On April 19, 1989, more than 30 teenagers from East Harlem roamed through Manhattan’s Central Park late at night, many of them engaging in various kinds of mayhem such as assaulting and robbing joggers and bicyclists the police soon entered the park in response to calls from victims and began making arrests. The basic facts of the case are well-known. But When They See Us, and the response to it, raises many other questions about perceptions of race and crime, attitudes toward sexual violence, and the way cultural attitudes have and haven’t changed over the last three decades. There are real questions about the film’s accuracy. The 72-year-old Fairstein, dropped by her publisher and pressured into resigning from several boards, has hit back in an interview and a Wall Street Journal op-ed, calling the film a “basket of lies.” The repercussions from the series, created by prominent African-American filmmaker Ava DuVernay, have included possibly fatal damage to the career and reputation of former sex crimes prosecutor Linda Fairstein, a onetime feminist hero recast as a racist villain.

#WHEN THEY SEE US TV#

This insincerity undermines the TV show's whole endeavor.The Netflix four-part miniseries When They See Us, a dramatization of the story of the Central Park Five-the black and Hispanic teenagers convicted in the 1989 rape of a white jogger in New York and later exonerated by a confession and DNA evidence-has revived intense interest in the 30-year-old case, which taps into the current political mood with its heightened sensitivity to racial issues. I also feel like I need to research what really happened, because it is clear that this TV show is more interested in influencing future elections and spinning socio-political myths than exploring any kind of truth. Having watched the four episodes, I am left believing that many African Americans have, in the past, been treated unfairly by the legal system and the police, but I already thought that. Personally I wish they were portrayed more realistically as most teenagers from all walks of life are more rebellious than the children depicted in this show. The actors did a fine job of portraying themselves as the most sheltered and innocently naive children ever to be allowed to walk freely in one of the most dangerous rape and murder capitals of the world. The problem with this TV show is that it has a clear political agenda that guides its loose relationship with real life events. This TV show should not be about Donald Trump. Although I do not agree with the death penalty, this seems like a Trump was reflecting the views of many fearful Americans wanting to help to stop the epidemic of terrible crimes striking New York such as this brutal rape in a public park.

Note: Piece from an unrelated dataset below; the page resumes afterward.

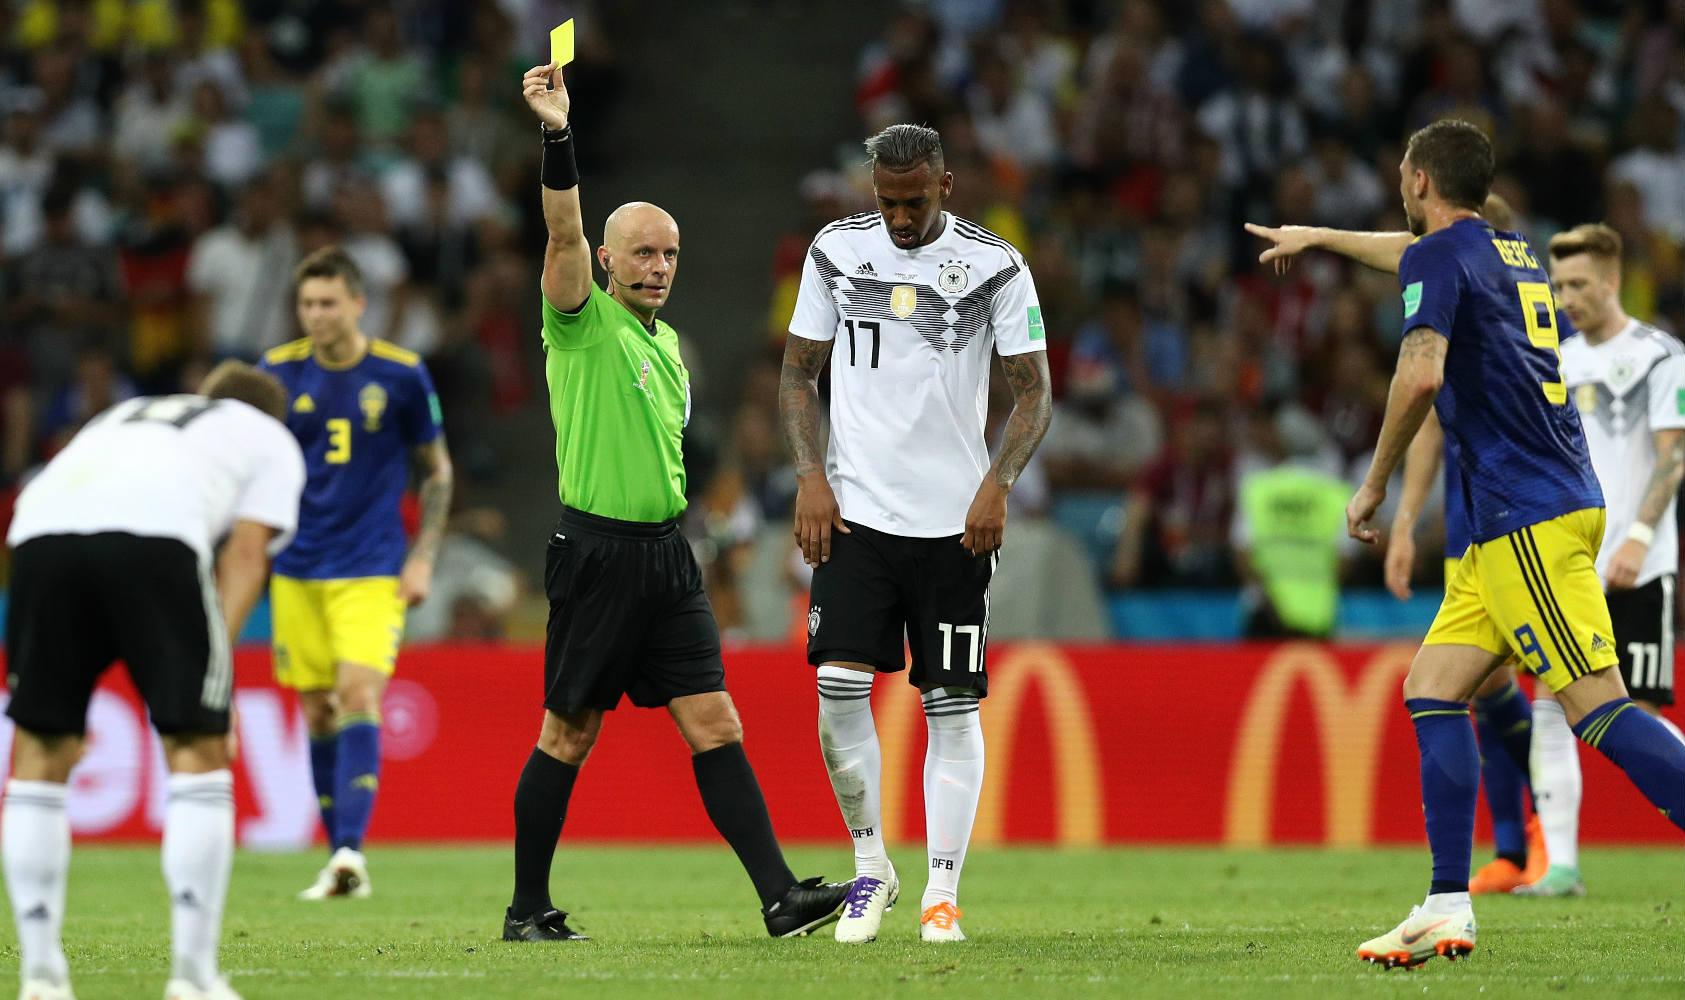 Jerome Boateng expulso Alemanha Suecia Copa 2018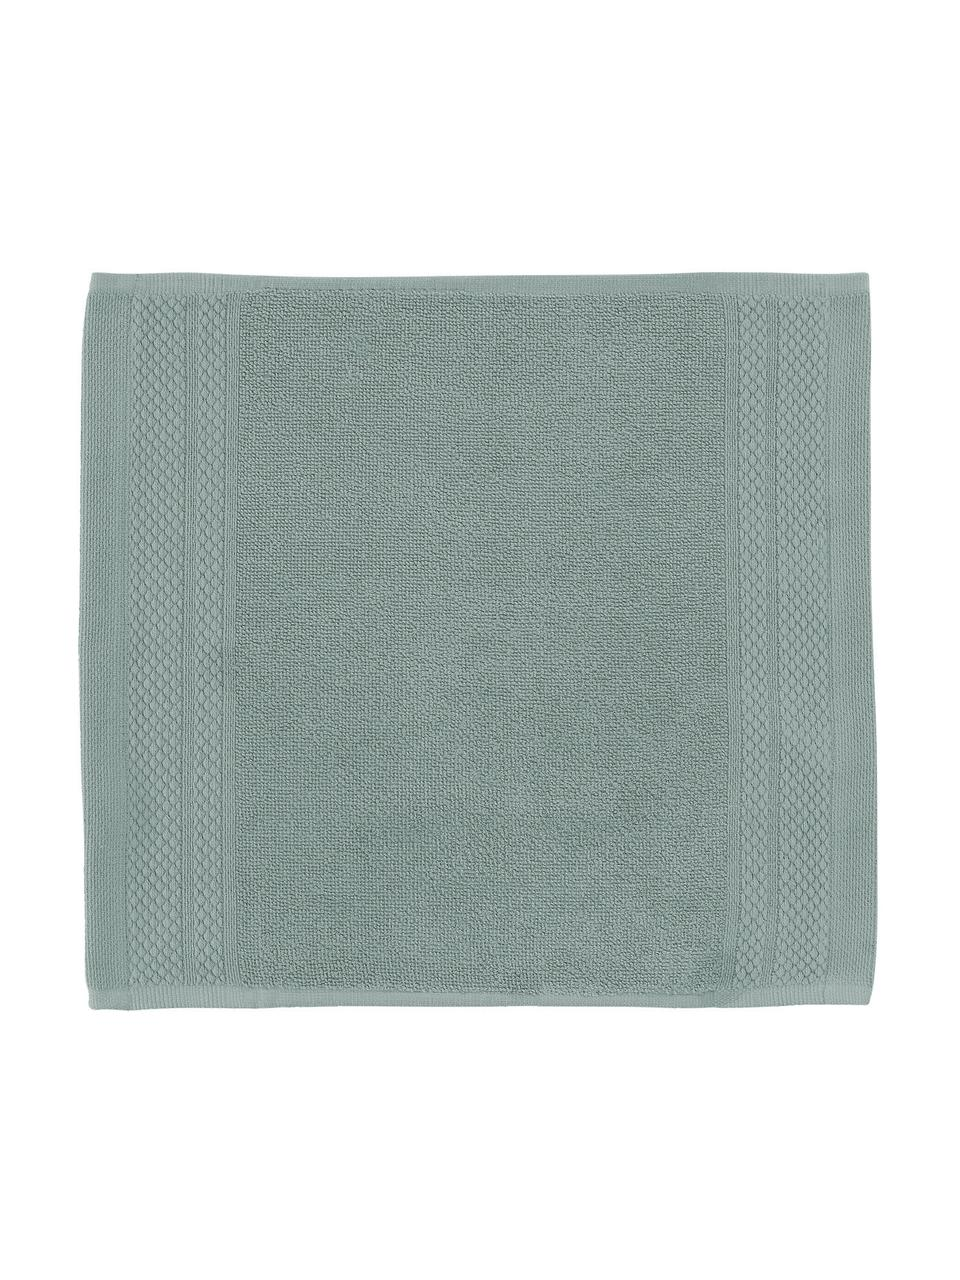 Asciugamano con bordo decorativo classico Premium, Verde, Asciugamano per ospiti Larg. 30 x Lung. 30 cm

In response to a violent crime epidemic Trump called for harsher sentencing, the death penalty, and more police. What made me uncomfortable was the shoehorning in of references to Donald Trump, who was clearly unaware that the five boys were to be later found innocent of the crimes they had confessed to. As a drama and a piece of fiction, it is quite well made. What made me uncomfortable was the shoehorning in of references to Donald Trump, who was clearly unaware that This is a dramatized and fictionalized account of five cases of false imprisonment.

when they see us

This is a dramatized and fictionalized account of five cases of false imprisonment.